VIDEO. "Un éclair a fendu le ciel, qui s'est transformé en une lampe fluorescente géante" : une rescapée d'Hiroshima raconte cette journée d'horreur

Teruko Yahata est une "hibakusha". Au Japon, ce sont les personnes qui ont été affectées par la bombe atomique. Cette Japonaise, qui vit toujours à Hiroshima, avait 8 ans lorsque la première bombe atomique a touché la ville, le 6 août 1945. Elle fait partie des derniers survivants.

Quatre-vingts-ans après, franceinfo l'a rencontrée à Paris, au mois de juin, dans le cadre de ses activités pour la Hiroshima Peace Culture Foundation. Elle revient sur le déroulement de cette journée, elle raconte les blessures, visibles ou invisibles, et l'engagement qu’elle porte pour un avenir sans armes nucléaires.

Près de 80 000 morts en quelques secondes

Le 6 août 1945, Teruko Yahata est dans sa maison avec sa famille. Les vacances d'été ont débuté, mais depuis le début de la matinée, des messages alertent de la présence d’avions ennemis dans le ciel. Teruko Yahata, elle, n'y prête pas attention et s'aventure dans le jardin. Il est 8h15. "C'est précisément à cet instant qu'un éclair fend le ciel", se souvient-elle. La bombe atomique, larguée par un avion américain, vient d'exploser. "C'était une lumière bleuâtre, c'était comme si, le temps d'un instant, le ciel entier s'est transformé en une lampe fluorescente géante."

Sa maison, située à 2,5 km de l’hypocentre, le lieu d'impact de l'ogive, vole en éclats. Tout ce qui se situe à moins de 2 km de l’hypocentre est intégralement brûlé. Selon une enquête américaine, datant de février 1946, sur les 245 000 habitants de la ville, plus de 78 000 meurent sur le coup, rappelle le site du Musée de l'Armée. Teruko Yahata et sa famille fuient les lieux, avant de faire demi-tour après avoir été aspergés par une pluie noire, composée de cendres radioactives. À ce moment-là, Teruko Yahata croise la route de survivants, qui "fuient avec l'énergie du désespoir".

"J'ai senti mes jambes se dérober sous moi. Leurs cheveux étaient hérissés, les vêtements arrachés, le corps couvert de graves brûlures, la peau des bras s’était détachée et tombait comme un chiffon usé au bout de leurs doigts."
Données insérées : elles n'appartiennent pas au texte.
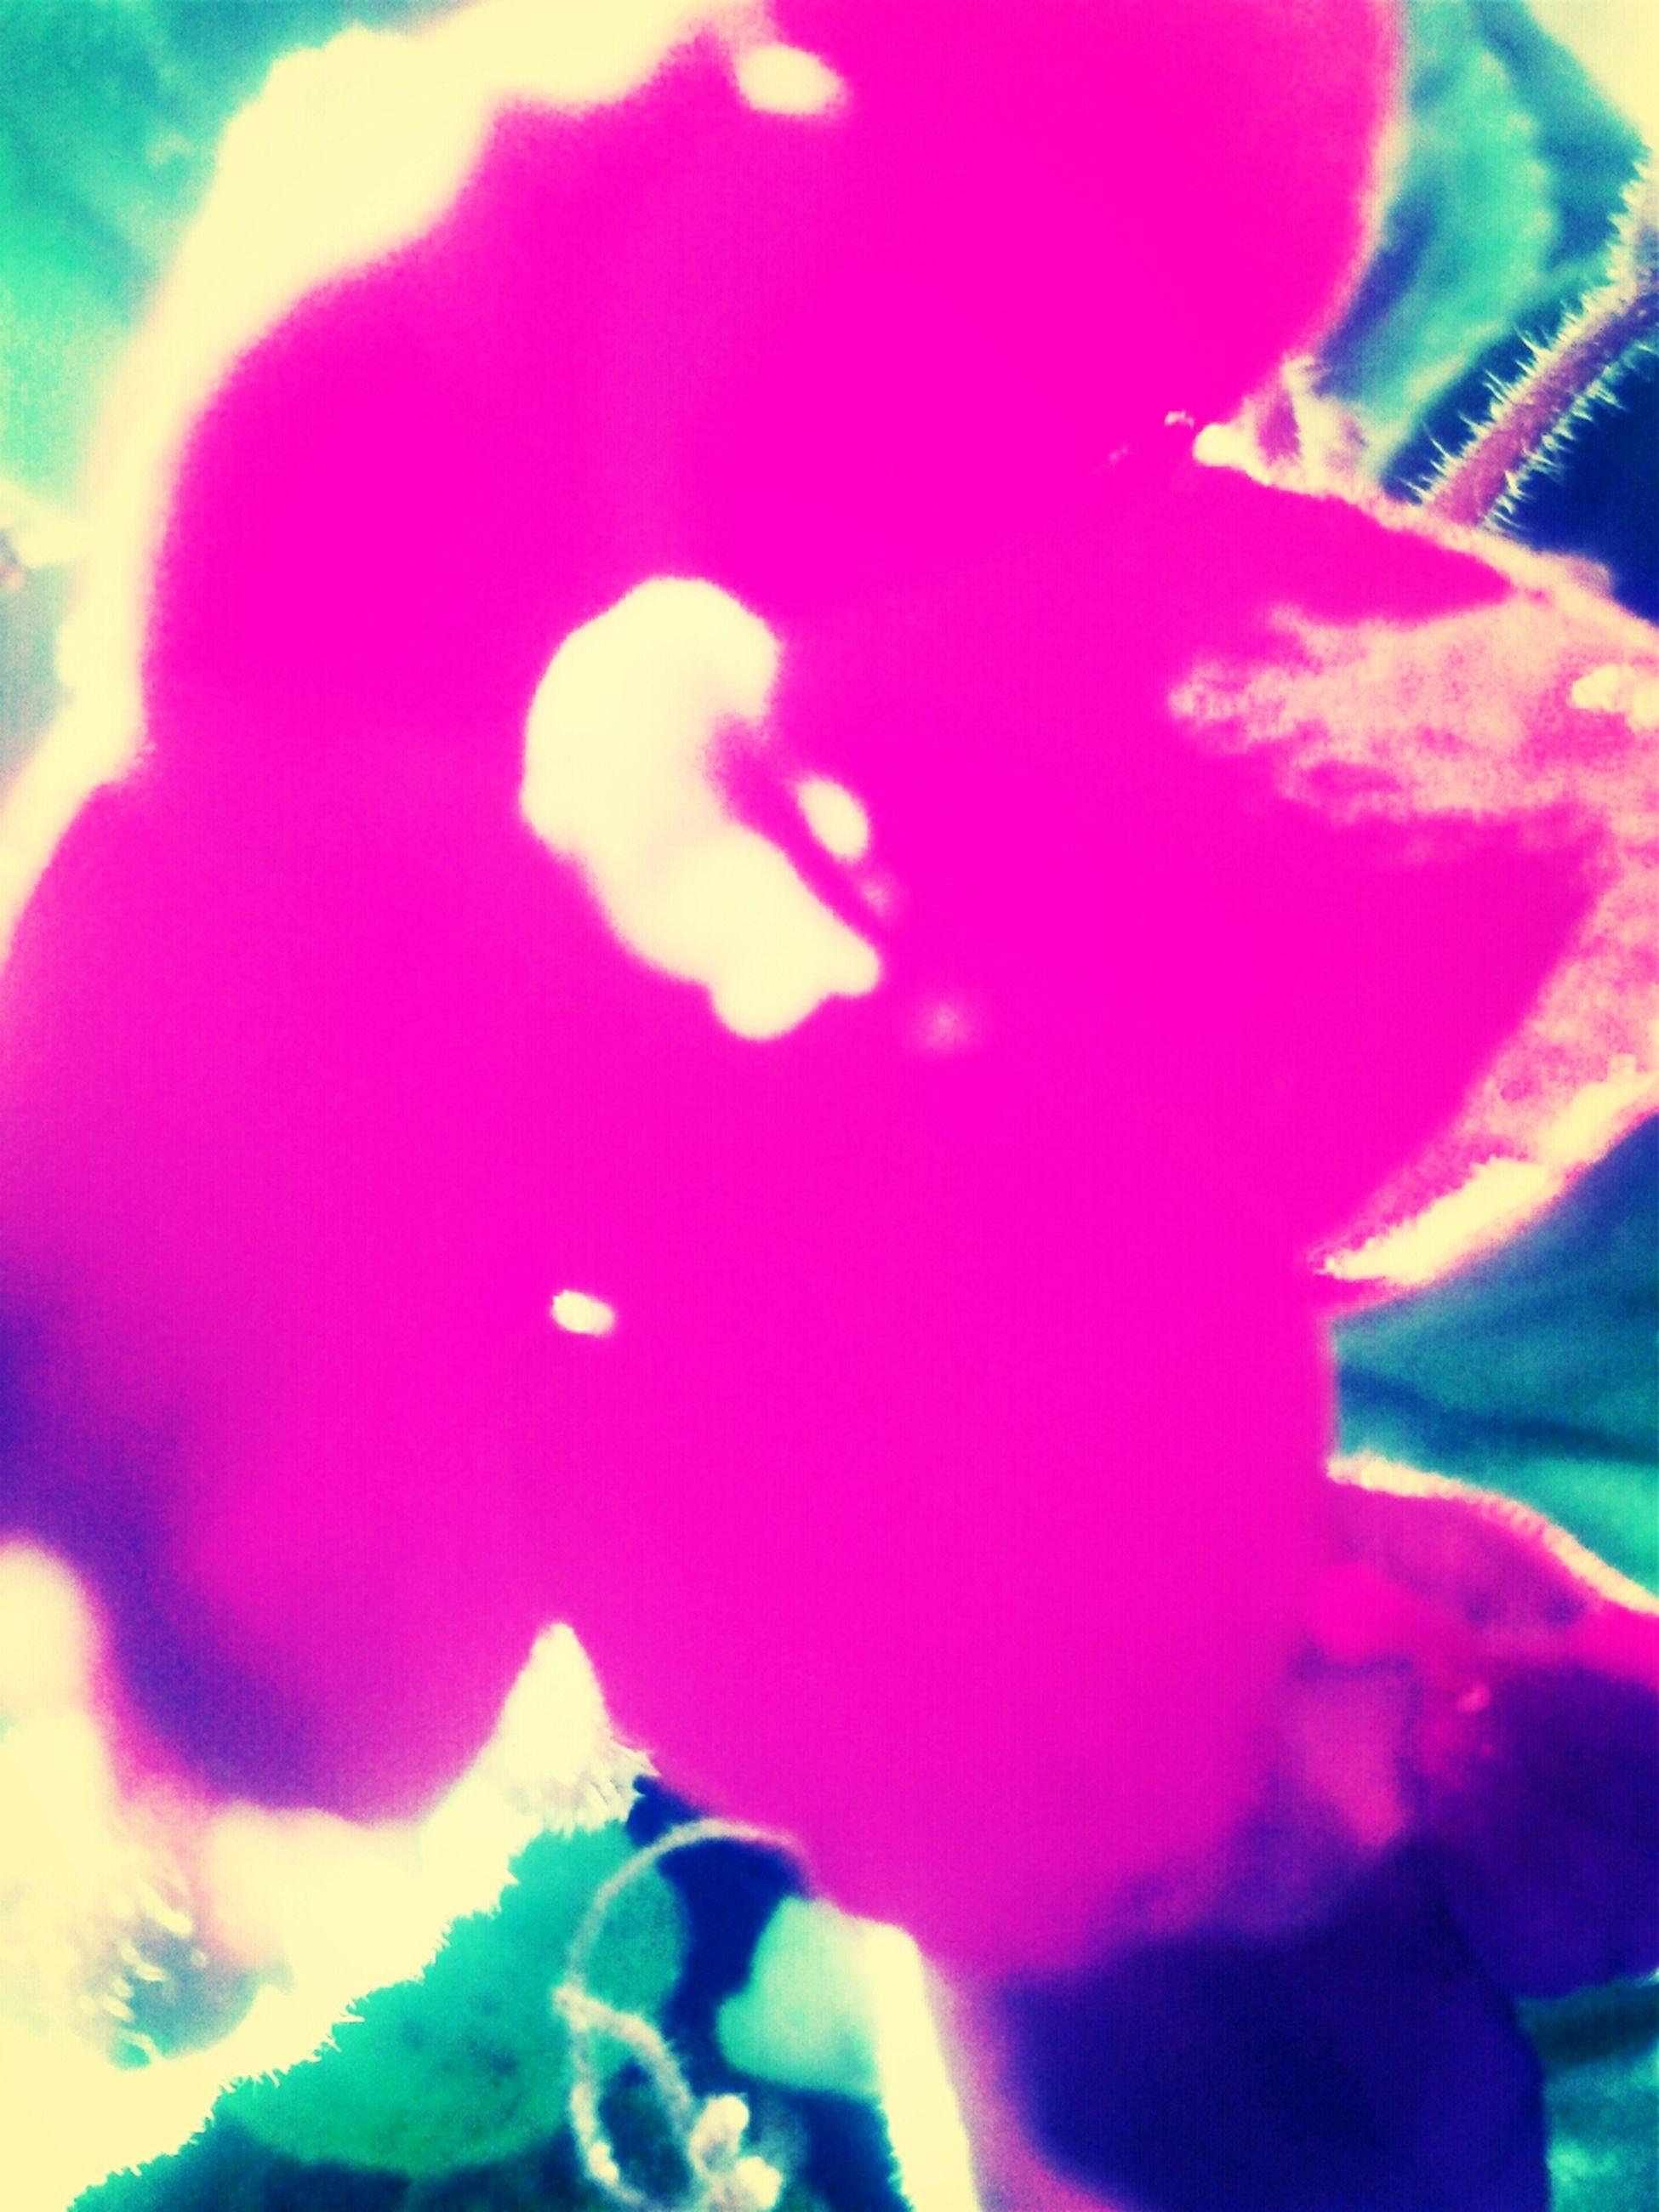 indoors, lifestyles, leisure activity, arts culture and entertainment, illuminated, celebration, men, enjoyment, person, purple, close-up, fun, multi colored, pink color, childhood, light - natural phenomenon, headshot

Teruko Yahata, rescapée d'Hiroshima

à franceinfo

Du 6 août 1945 à la fin de cette même année, environ 140 000 personnes périssent à Hiroshima. Trois jours plus tard, le 9 août, une deuxième bombe est larguée sur Nagasaki, à 300 km du premier impact. Les deux bombes tuent plus de 200 000 personnes. Selon l'organisation américano-japonaise Radiation Effects Research Foundation, de nombreuses autres meurent de leucémie ou de cancer les années suivantes, à cause des symptômes liés à l’irradiation. 

Transmettre les leçons du passé

Huit décennies après, Teruko Yahata n'a rien oublié du "traumatisme". "Quand je vois des bâtiments brûlés en Ukraine, quand je vois des cadavres jonchant le sol à la télévision, décrit-elle, il est tel que je sens l’odeur de chair brûlée en décomposition. Les cris des gens, par exemple, se superposent à ceux des survivants après la bombe atomique, et c’est atroce."

Elle s'inquiète aussi des dérives militaires actuelles. La guerre en Ukraine et la menace nucléaire brandie par Vladimir Poutine, les propos de Kim Jong-un et les tests menés par la Corée du Nord illustrent, selon elle, que "les gens n'ont pas du tout retenu la leçon". "Quand je vois la situation dans le monde, je constate que la violence s’intensifie, ça me fait très peur", regrette la rescapée. "La jeune génération vit en paix, mais notre mission est de transmettre aux jeunes les leçons du passé et de leur en faire prendre conscience, conclut-elle, pour que les armes nucléaires ne soient plus jamais utilisées à l’avenir."